Write out nothing but the lines from the first line of the entries below through the line with "Childrens Party Animal Girl.jpg"; no pictures go in.

##############################

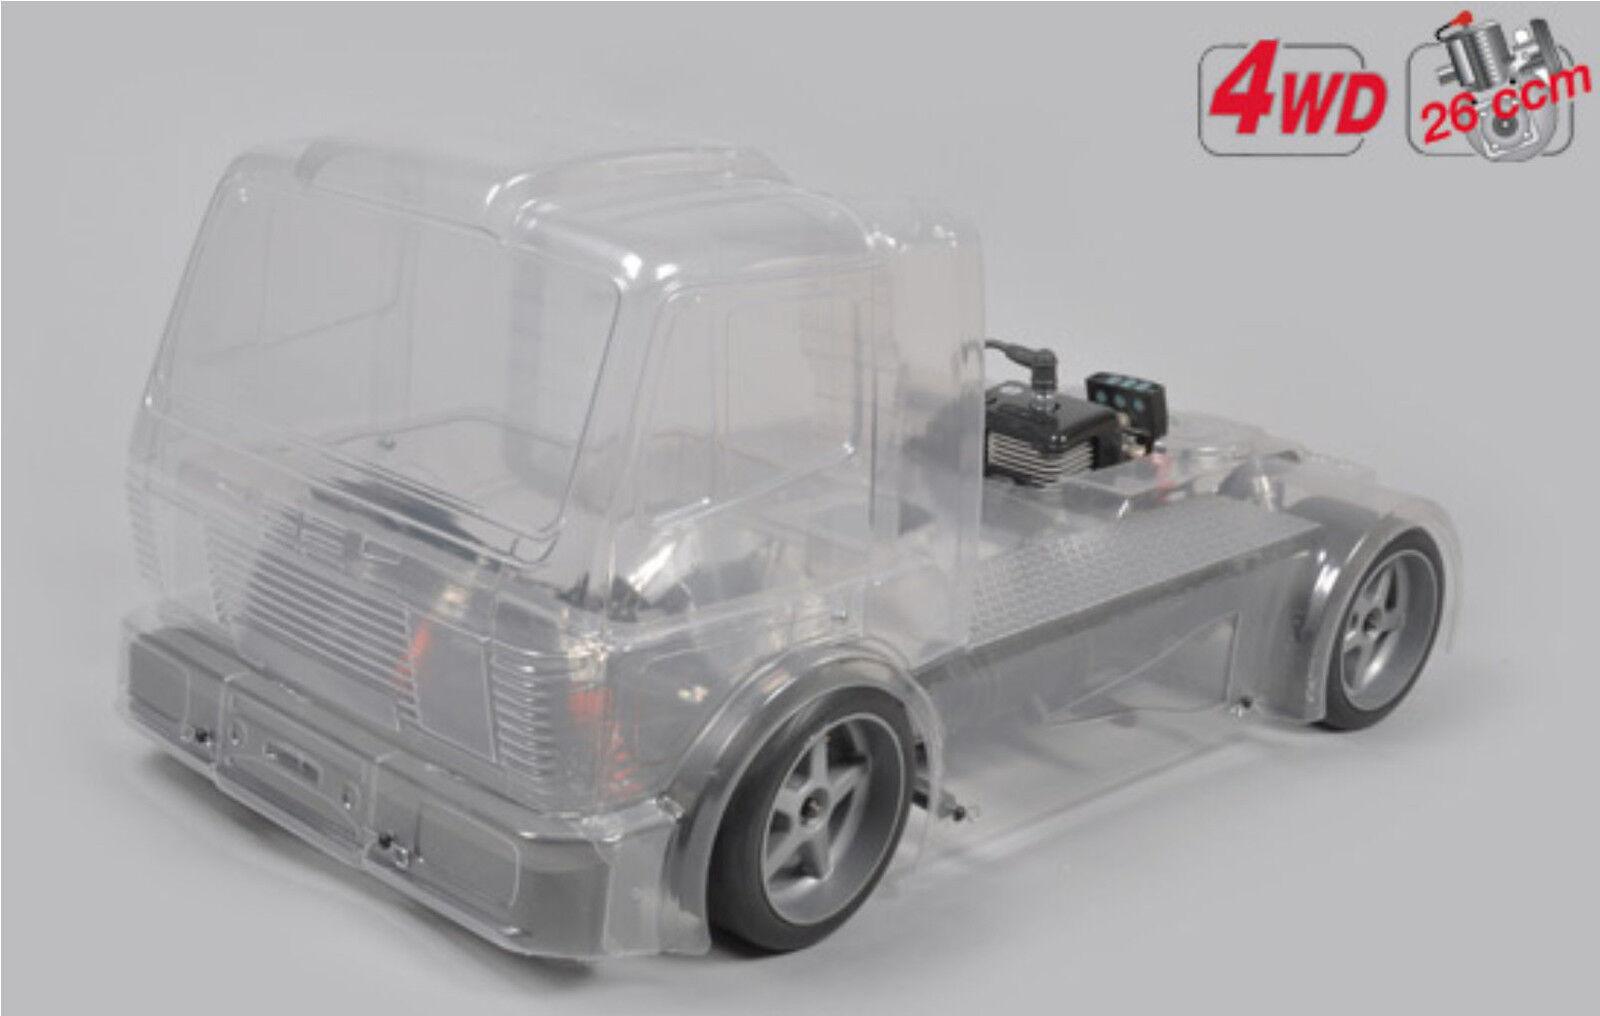 FG modelo Sport Street Truck 530 4wd sin pintar 26ccm sin control remoto
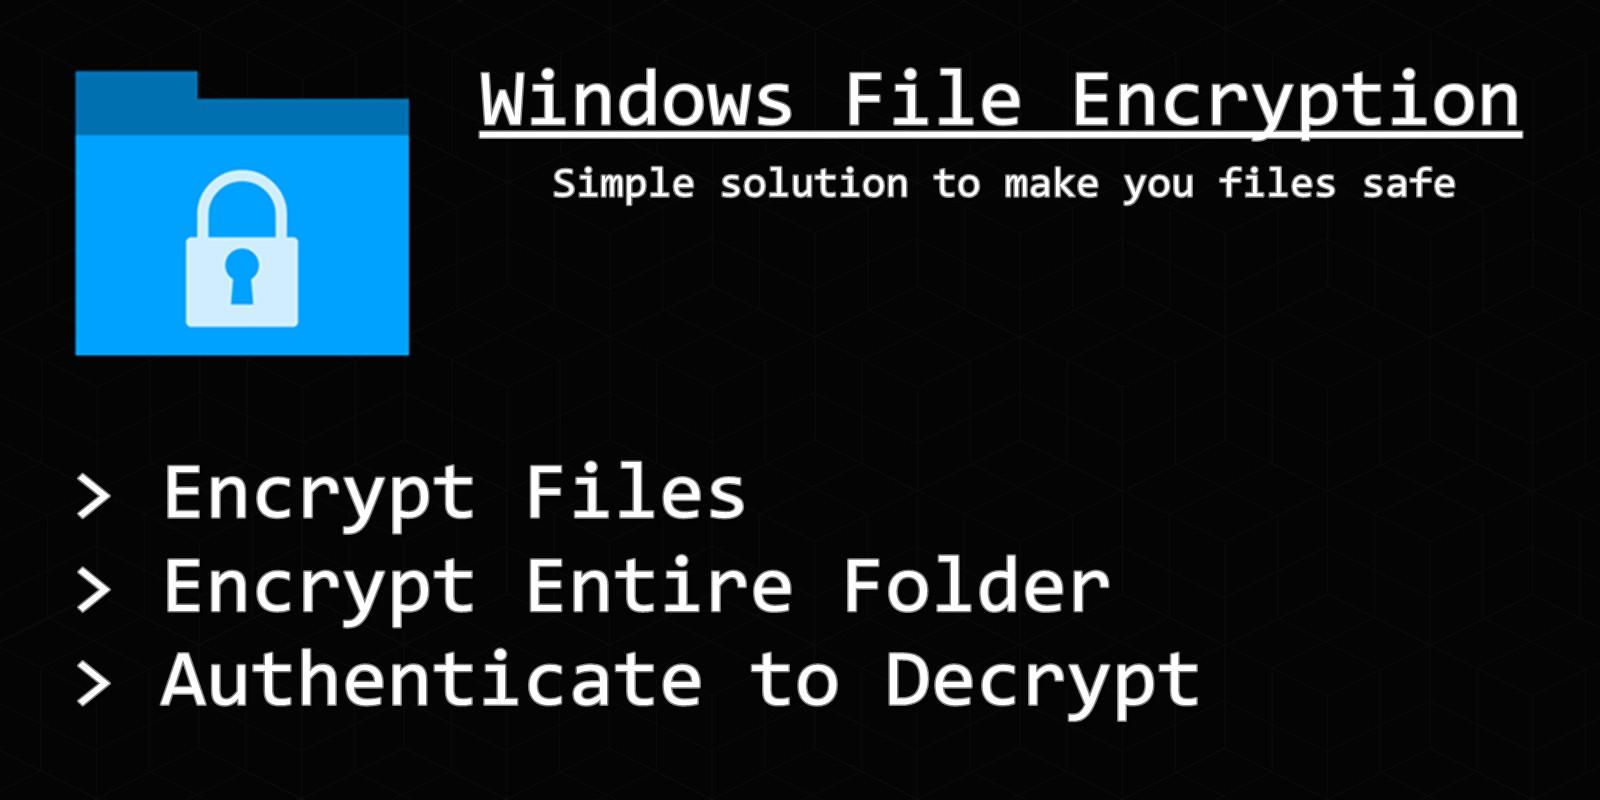 Windows File Encryption C#
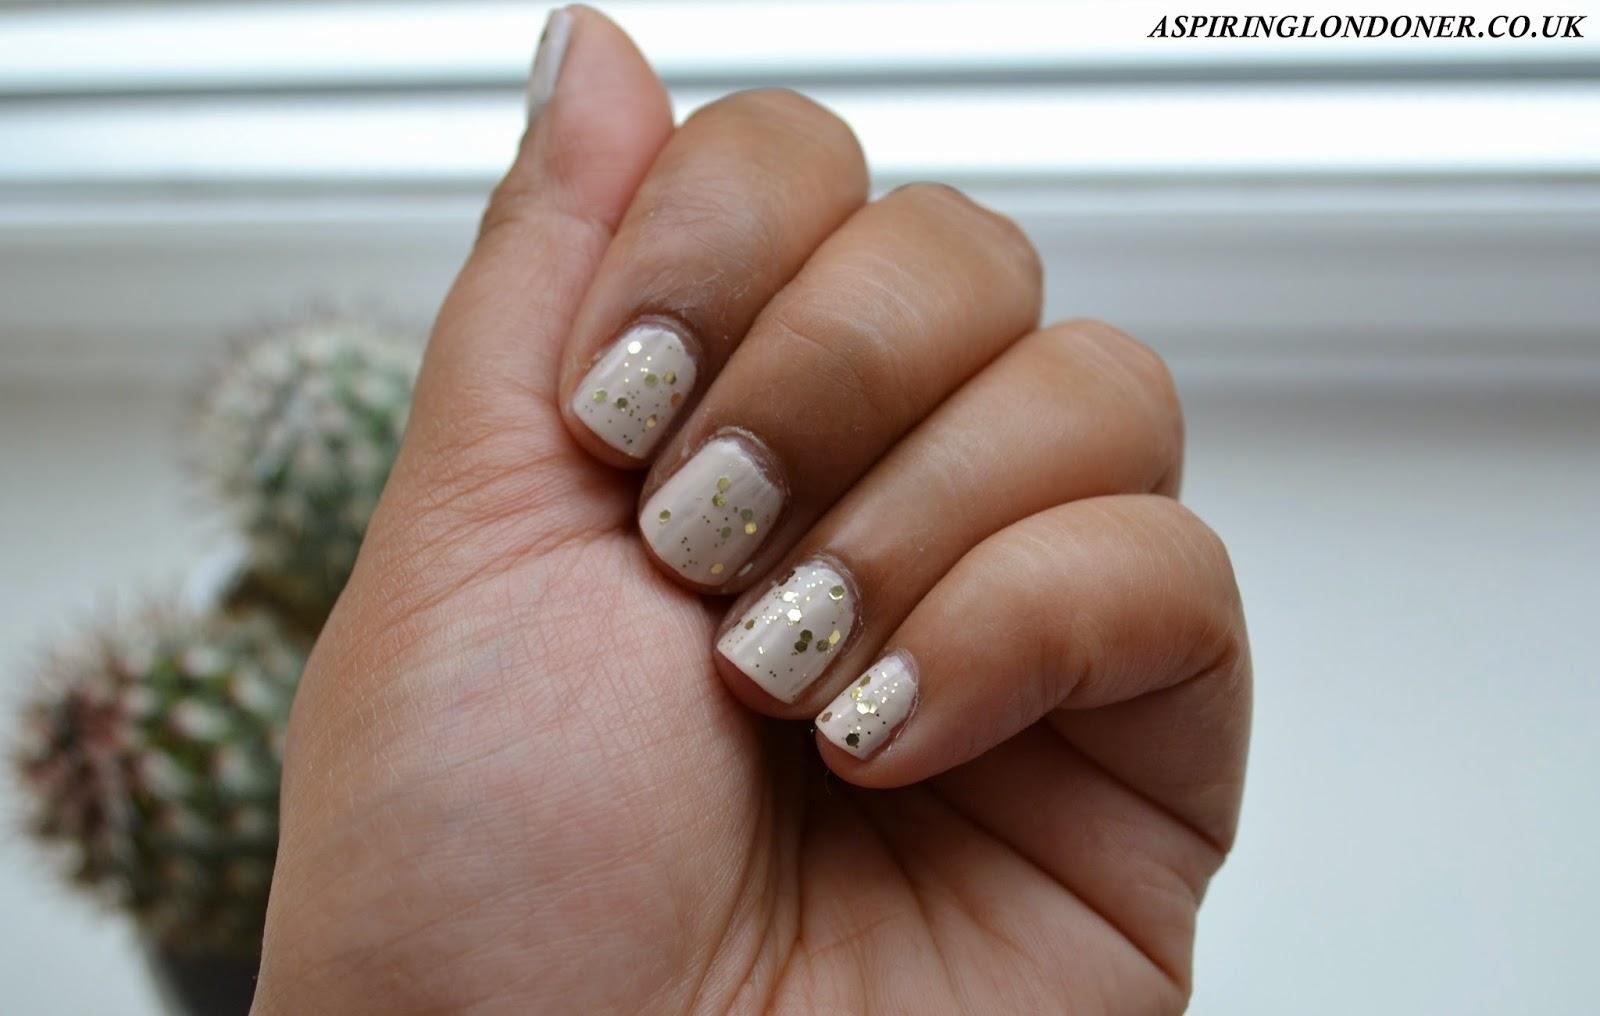 Seventeen Nail Effects Glitter Top Coat Limited Edition - Aspiring Londoner
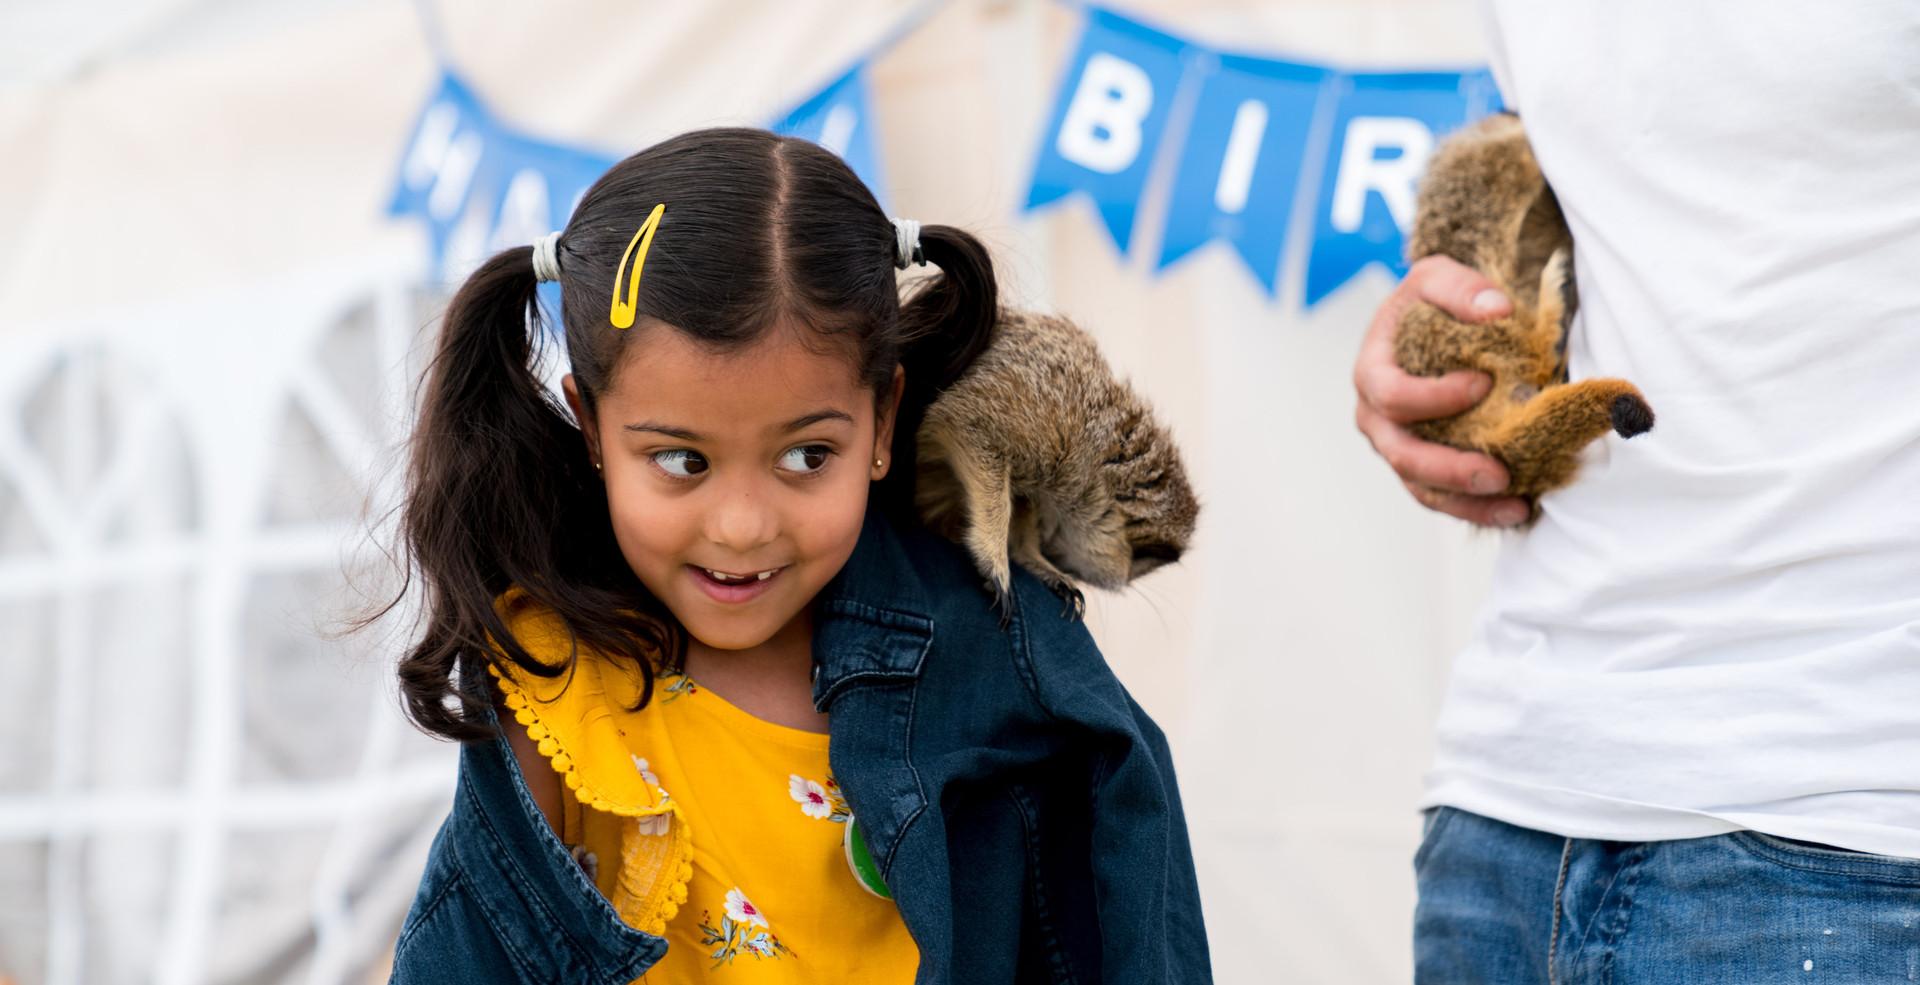 Childrens Party Animal Girl.jpg
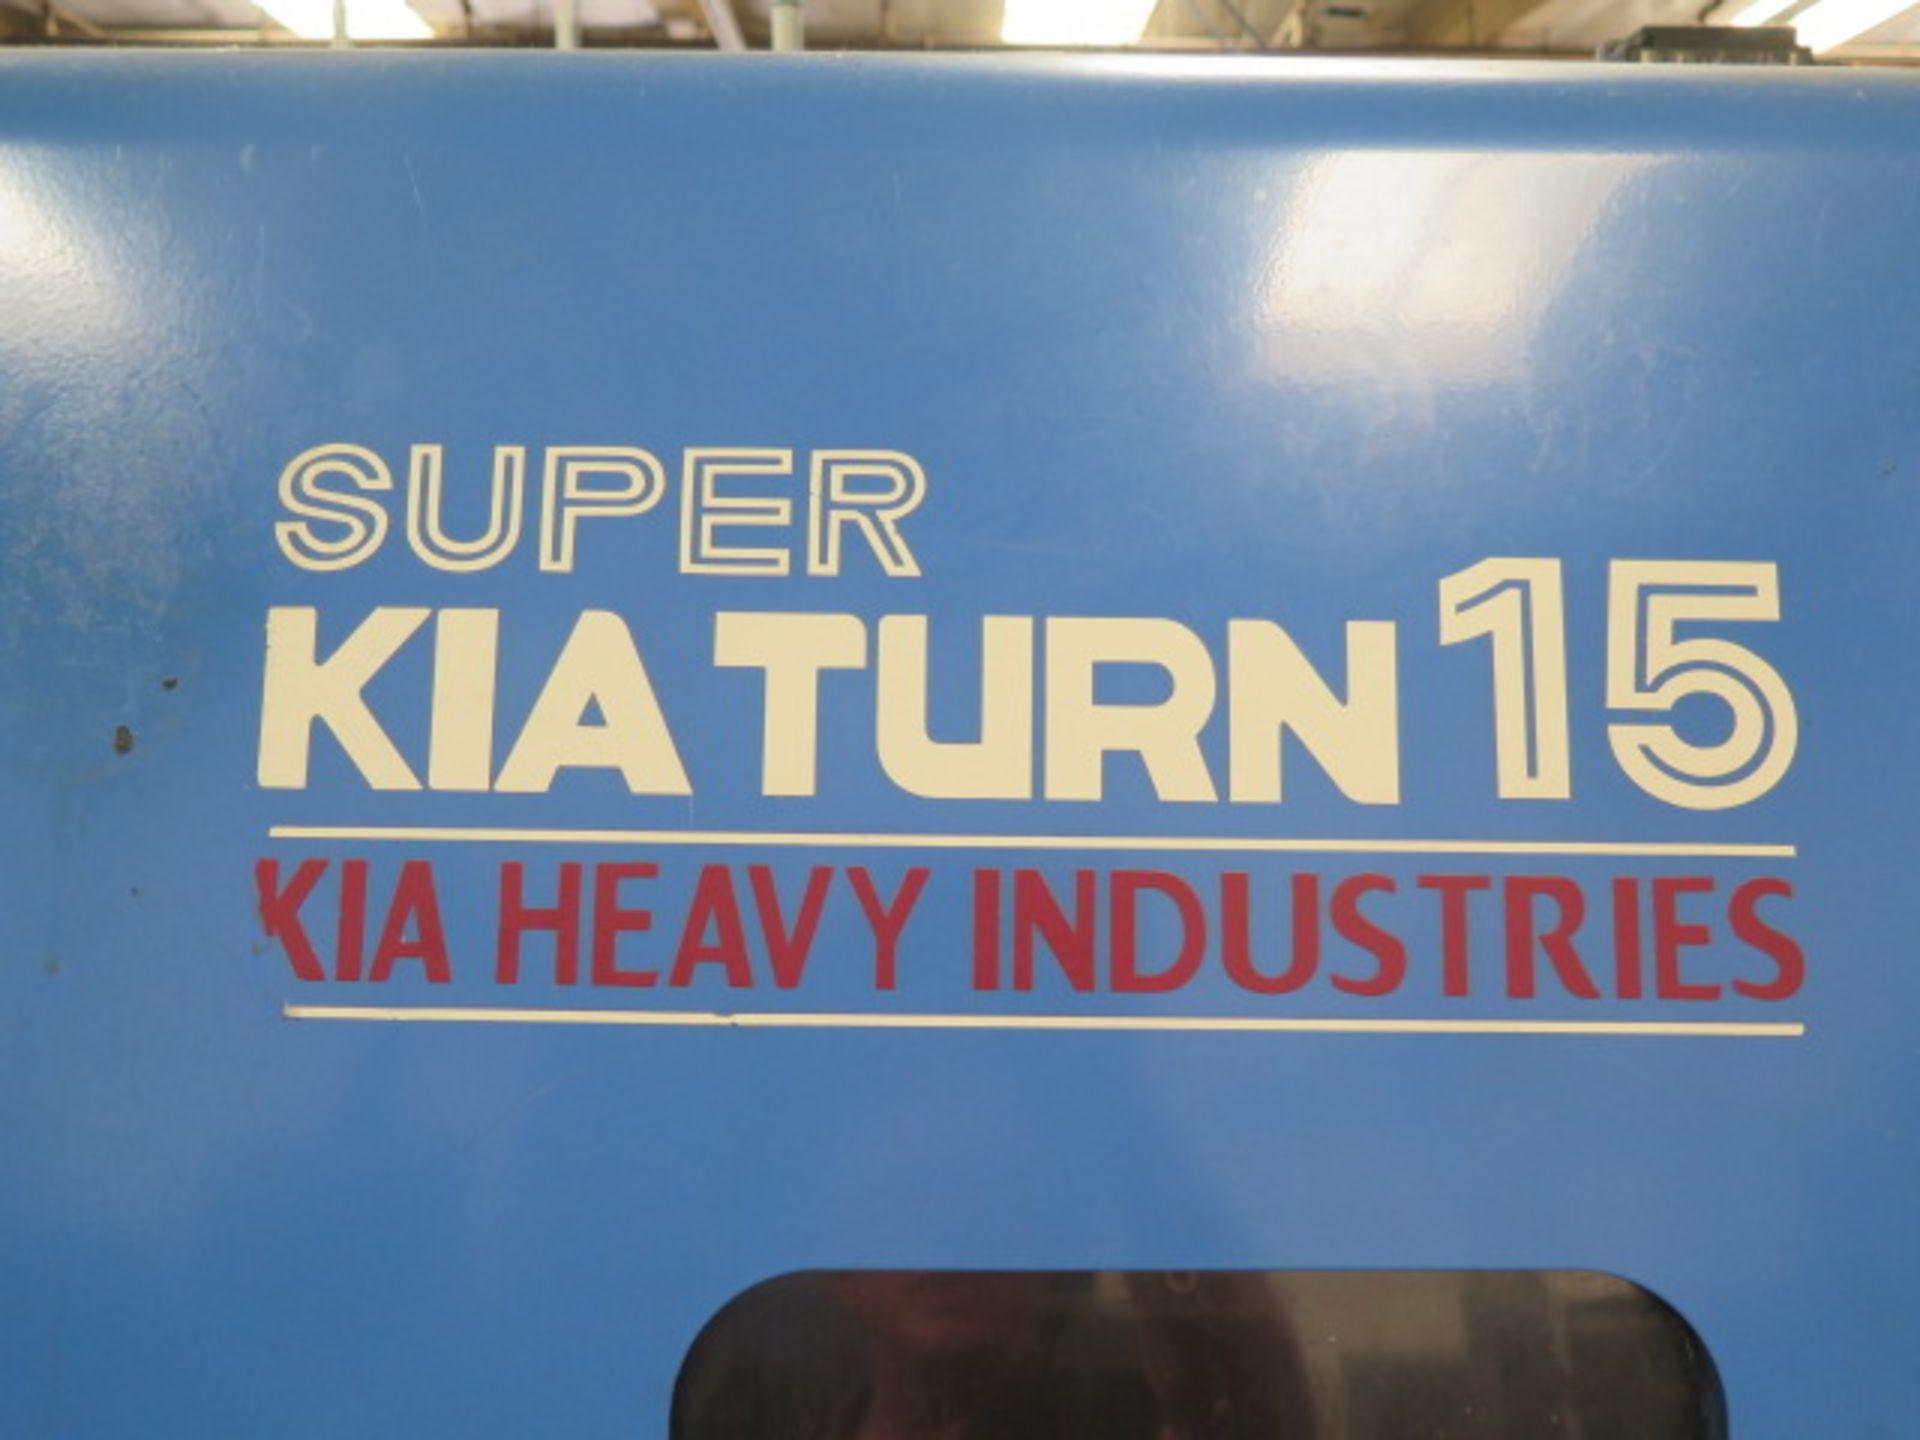 2004 Kia Super KIA Turn 15 CNC Turning Center s/n SKT150905 w/ Fanuc Series 0i-TB Contrs, SOLD AS IS - Image 4 of 16

##############################

**Response to this task:**
 FG modelo Sport Street Truck 530 4wd sin pintar 26ccm sin control remoto
 Windows File Encryption C#
 Seventeen Nail Effects Glitter Top Coat Limited Edition - Aspiring Londoner
 Childrens Party Animal Girl.jpg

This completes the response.